2. The method according to claim 1, wherein the querying, using a statistical language model, the set of text groups containing the entity to be identified from a pre-constructed knowledge base specifically comprises:

inquiring a word group set corresponding to each word in the language text from a pre-constructed knowledge base by using a statistical language model;

recognizing a text group set corresponding to each word, and when the i text group set corresponding to the i word in the language text is determined to have a text group matched with the entity to be recognized, determining the i text group set as a text group set containing the entity to be recognized, wherein i is a numerical value which is greater than or equal to 1 and less than or equal to the total number of the text in the language text, and sequentially advancing the numerical value, wherein the initial numerical value is 1.

3. The method according to claim 2, wherein all word combinations in the word group set are ordered according to a preset form, and the generating an index vector corresponding to the word group set containing the entity to be identified specifically comprises:

And setting an index vector element corresponding to the text combination matched with the entity to be identified as 1 and an index vector element corresponding to the text combination not matched with the entity to be identified as 0 in a text group set containing the entity to be identified, wherein the positions of elements in the index vector are the same as the positions of the text combinations corresponding to the text group set.

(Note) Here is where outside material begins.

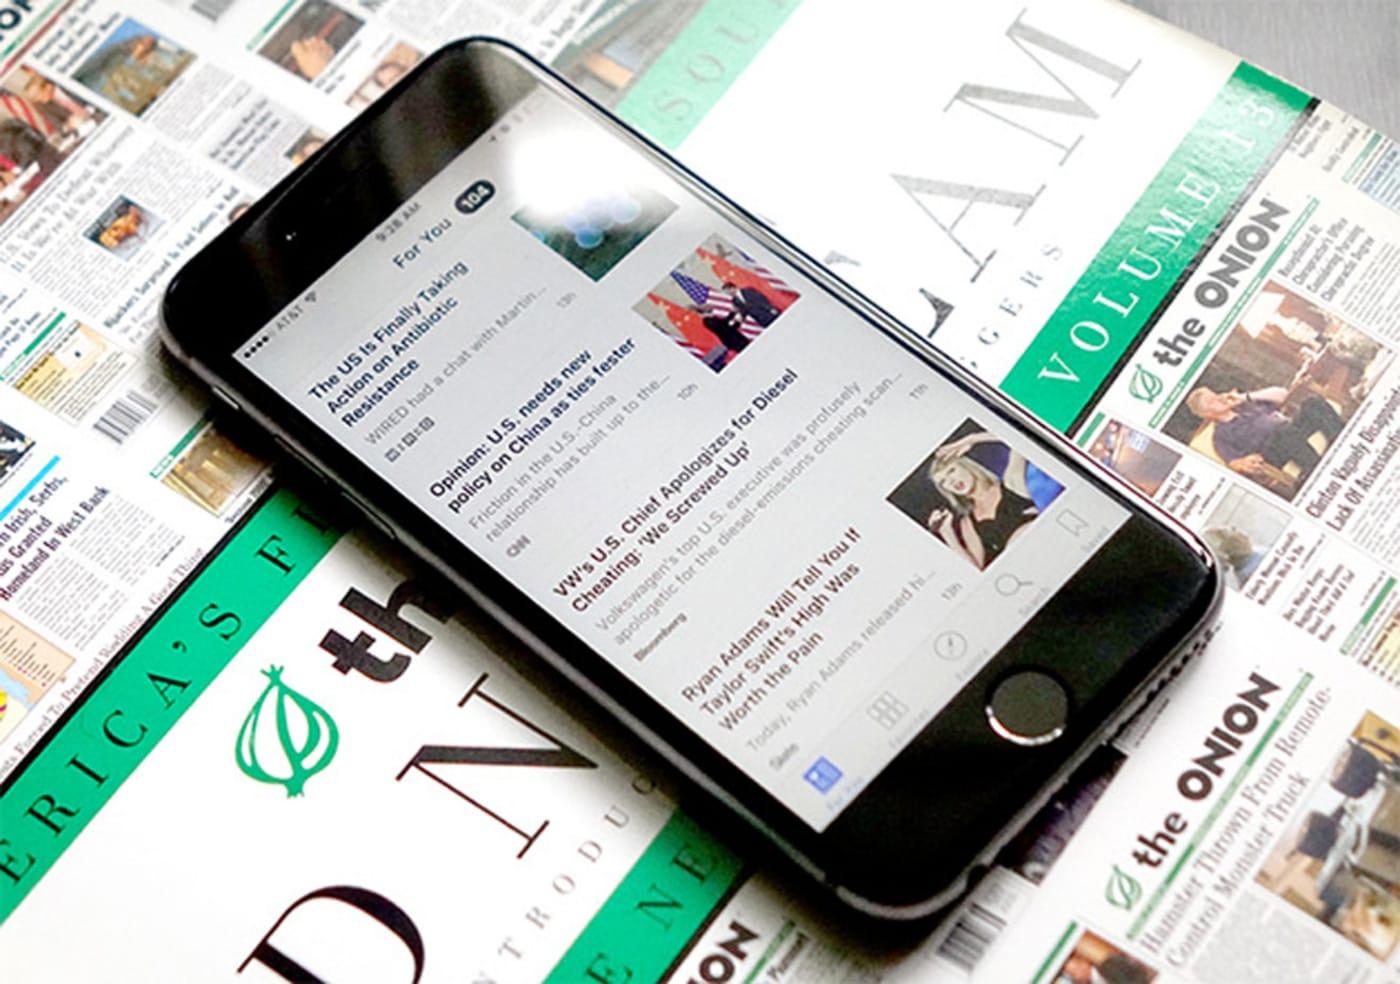 Apple non sa la gente sta usando le sue notizie app
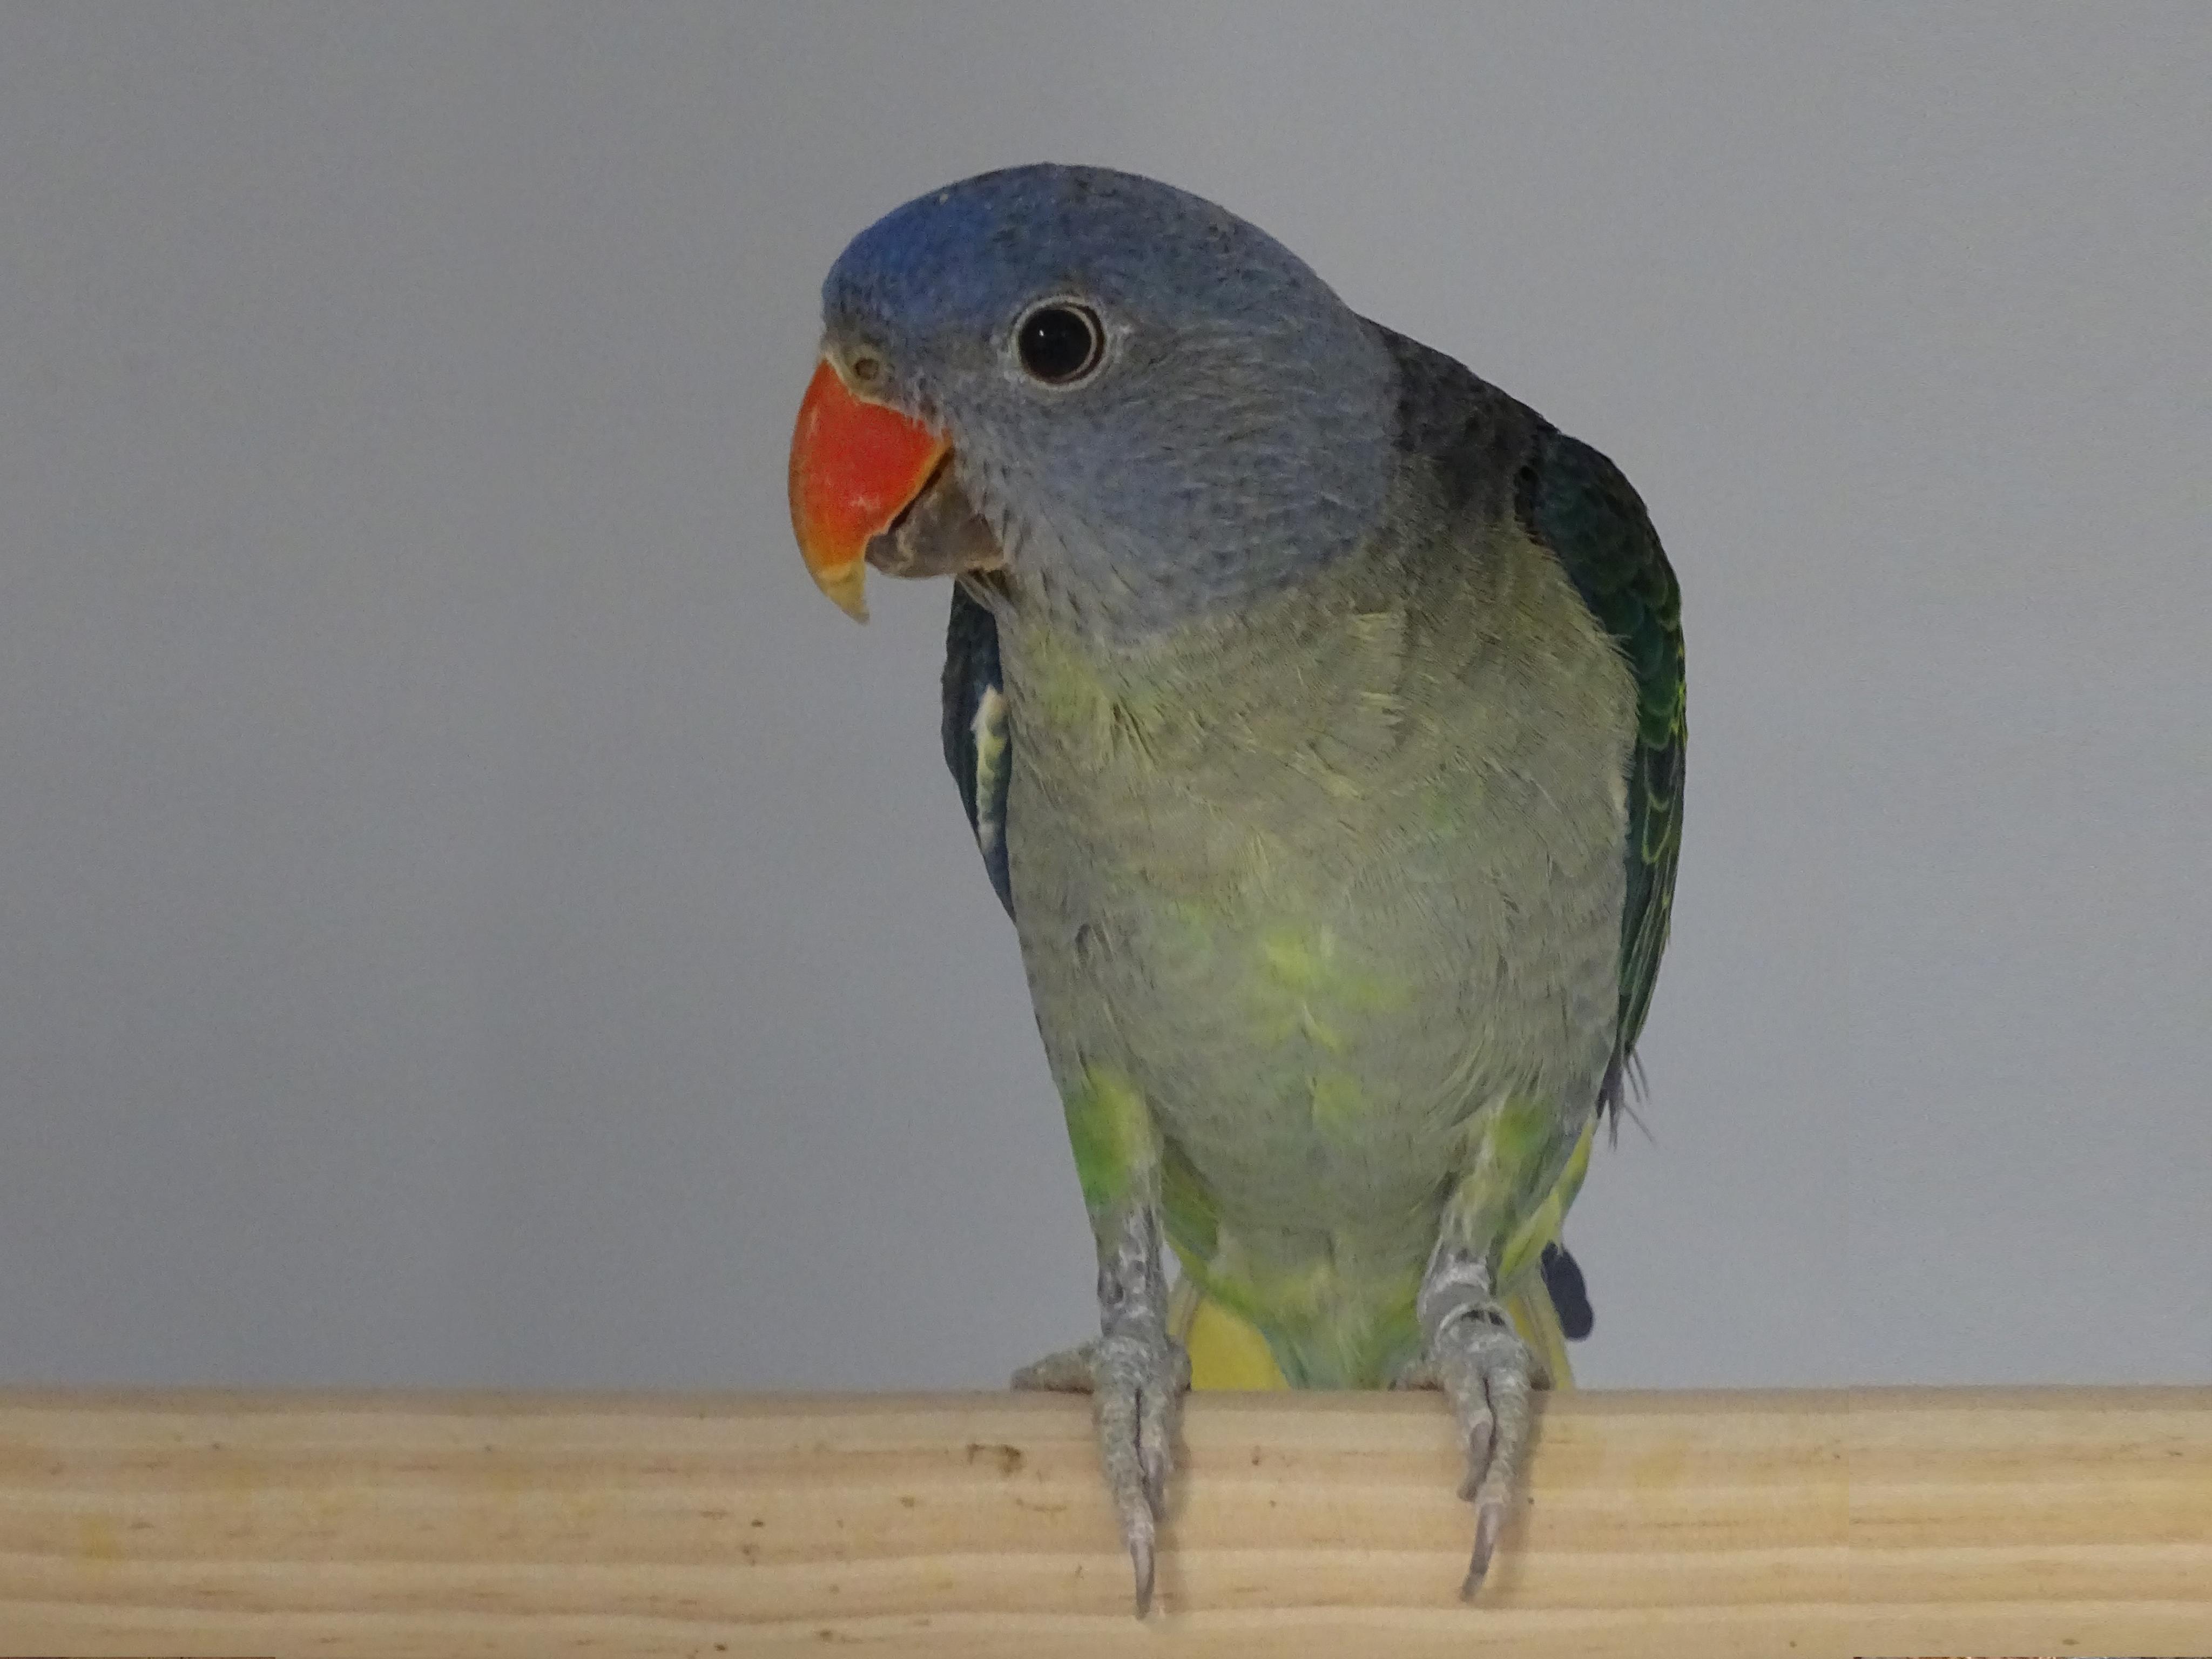 Blue rumped parrot male Psittinus cyanurus

4. A method according to any one of claims 1-3, wherein the obtaining the intent slot label according to the knowledge recognition feature and the language feature corresponding to the language text extracted from the pre-constructed entity recognition model specifically comprises:

and inputting the knowledge identification features into the pre-constructed entity identification model, fusing the knowledge identification features with the language features, and then classifying the slots to obtain the intention slot labels.

5. A text entry searching apparatus, the apparatus comprising:

the query unit is used for querying a word group set containing the entity to be identified from a pre-constructed knowledge base by utilizing a statistical language model, wherein the word group set comprises a preset number of word combinations, and each word combination comprises a preset number of words and a preset number of symbols;

the inquiring unit is further used for inquiring identification information corresponding to the entity to be identified from the pre-constructed database;

the processing unit is further used for generating a coding vector according to the identification information;

6. The apparatus according to claim 5, wherein the query unit is configured to query a pre-constructed knowledge base for a set of text groups corresponding to each word in the language text, respectively, using a statistical language model;

7. The apparatus of claim 6, wherein all word combinations in a word set are ordered according to a preset format, and the processing unit is specifically configured to set, in the word set including the entity to be identified, an index vector element corresponding to a word combination matching the entity to be identified to be 1, and an index vector element corresponding to a word combination not matching the entity to be identified to be 0, where a position of each element in the index vector is the same as a position of a word combination corresponding to the word set.

8. The apparatus according to any one of claims 5 to 7, wherein the processing unit is specifically configured to input the knowledge recognition feature into the pre-built entity recognition model, perform slot classification after fusing language features corresponding to the language text, and obtain an intended slot label.

9. A text entry search system, the system comprising: at least one processor and memory;

the processor is configured to execute a text entry search program stored in the memory to implement the text entry search method of any one of claims 1 to 4.

10. A computer storage medium storing one or more programs executable by the text entry search system of claim 9 to implement the text entry search method of any one of claims 1 to 4.